Sagol Department of Neurobiology, Faculty of Natural Sciences, and the Integrated Brain and Behavior Center, University of Haifa, Haifa, Israel.
Hippocampus. 2024 Nov;34(11):564-574. doi: 10.1002/hipo.23631. Epub 2024 Aug 15.
Early life, or juvenility, stands out as the most pivotal phase in neurodevelopment due to its profound impact over the long-term cognition. During this period, significant changes are made in the brain's connections both within and between different areas, particularly in tandem with the development of more intricate behaviors. The hippocampus is among the brain regions that undergo significant postnatal remodeling, including dendritic arborization, synaptogenesis, the formation of complex spines and neuron proliferation. Given the crucial role of the hippocampus in spatial memory processing, it has been observed that spatial memory abilities continue to develop as the hippocampus matures, particularly before puberty. The N-methyl-d-aspartate (NMDA) type of glutamate receptor channel is crucial for the induction of activity-dependent synaptic plasticity and spatial memory formation in both rodents and humans. Although extensive evidence shows the role of NMDA receptors (NMDAr) in spatial memory and synaptic plasticity, the studies addressing the role of NMDAr in spatial memory of juveniles are sparse and mostly limited to adult males. In the present study, we, therefore, aimed to investigate the effects of systemic NMDAr blockade by the MK-801 on spatial memory (novel object location memory, OLM) and hippocampal plasticity in the form of long-term potentiation (LTP) of both male and female juvenile rats. Our results show the sex-dimorphic role of NMDAr in spatial memory and plasticity during juvenility, as systemic NMDAr blockade impairs the OLM and LTP in juvenile males without an effect on juvenile females. Taken together, our results demonstrate that spatial memory and hippocampal plasticity are NMDAr-dependent in juvenile males and NMDAr-independent in juvenile females. These sex-specific differences in the mechanisms of spatial memory and plasticity may imply gender-specific treatment for spatial memory disorders even in children.

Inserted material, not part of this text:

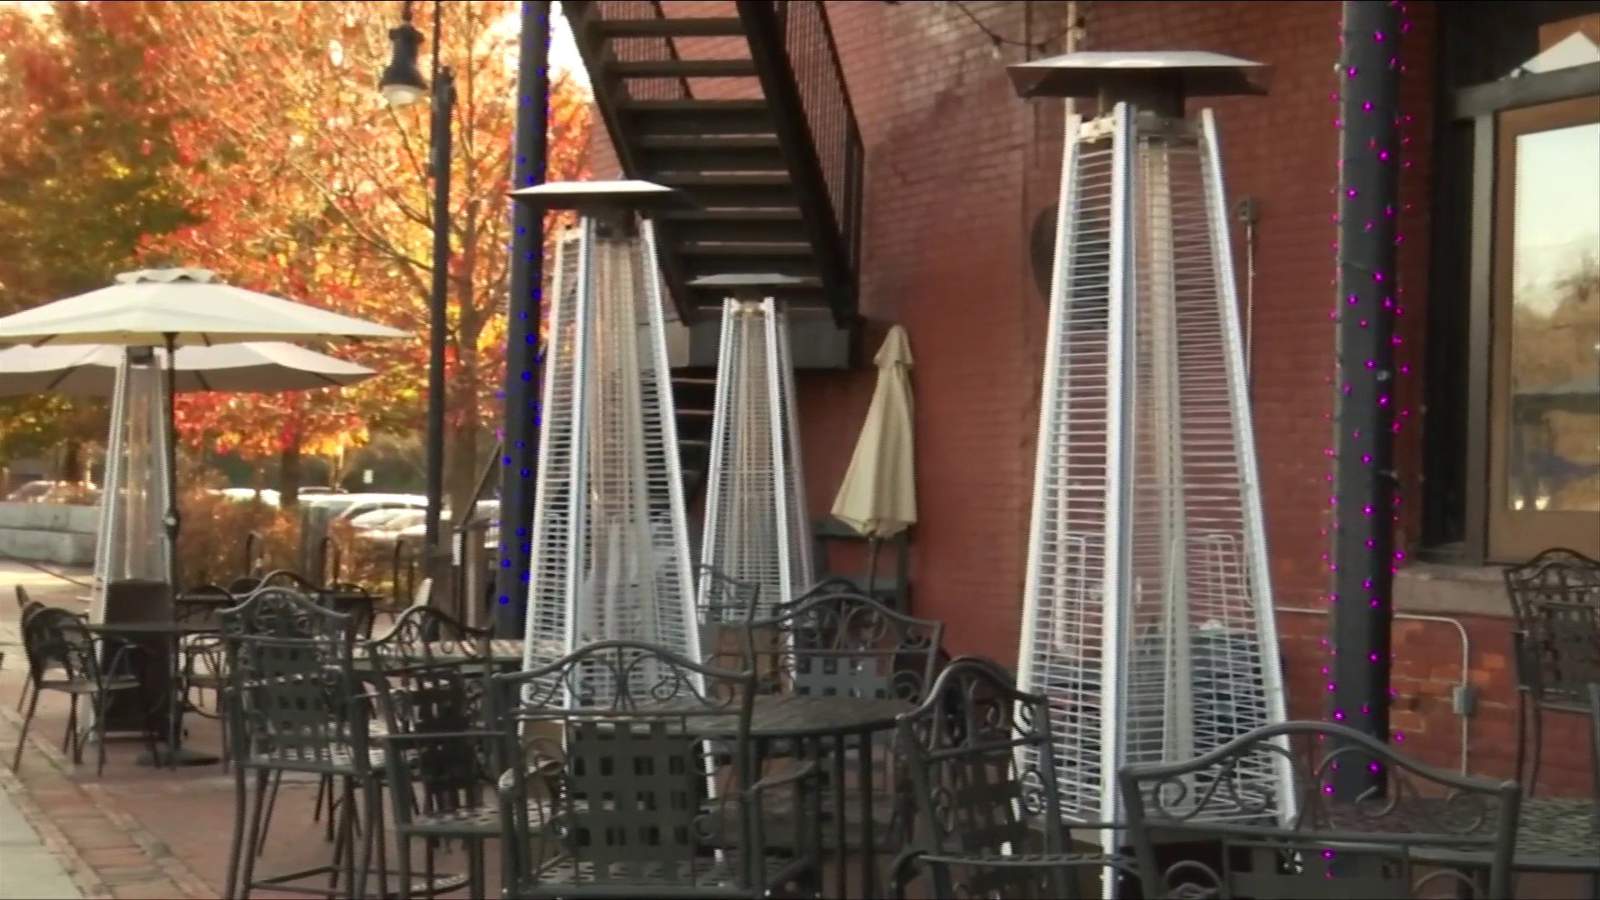 Lynchburg restaurants adjust outdoor dining to survive winter months

早期生活或青少年期是神经发育中最关键的阶段,因为它对长期认知有深远的影响。在这个时期,大脑内部和不同区域之间的连接发生了重大变化,特别是与更复杂行为的发展相伴随。海马体是大脑中经历显著产后重塑的区域之一,包括树突分支、突触形成、复杂棘突的形成和神经元增殖。鉴于海马体在空间记忆处理中的关键作用,人们观察到空间记忆能力在海马体成熟过程中继续发展,特别是在青春期之前。N-甲基-D-天冬氨酸(NMDA)型谷氨酸受体通道对于诱导活动依赖性突触可塑性和空间记忆形成在啮齿动物和人类中都至关重要。尽管有大量证据表明 NMDA 受体(NMDAr)在空间记忆和突触可塑性中的作用,但研究 NMDAr 在青少年空间记忆中的作用的研究很少,而且大多仅限于成年雄性。在本研究中,因此,我们旨在研究系统 NMDA 受体阻断剂 MK-801 对雄性和雌性幼年大鼠的空间记忆(新物体位置记忆,OLM)和海马体可塑性(长时程增强,LTP)的影响。我们的结果表明,NMDA 受体在青少年时期的空间记忆和可塑性中具有性别二态作用,因为系统 NMDA 受体阻断会损害幼年雄性的 OLM 和 LTP,而对幼年雌性没有影响。总之,我们的结果表明,空间记忆和海马体可塑性在幼年雄性中依赖 NMDA 受体,而在幼年雌性中则不依赖 NMDA 受体。这些空间记忆和可塑性机制中的性别特异性差异可能意味着即使在儿童中,也需要针对特定性别进行空间记忆障碍的治疗。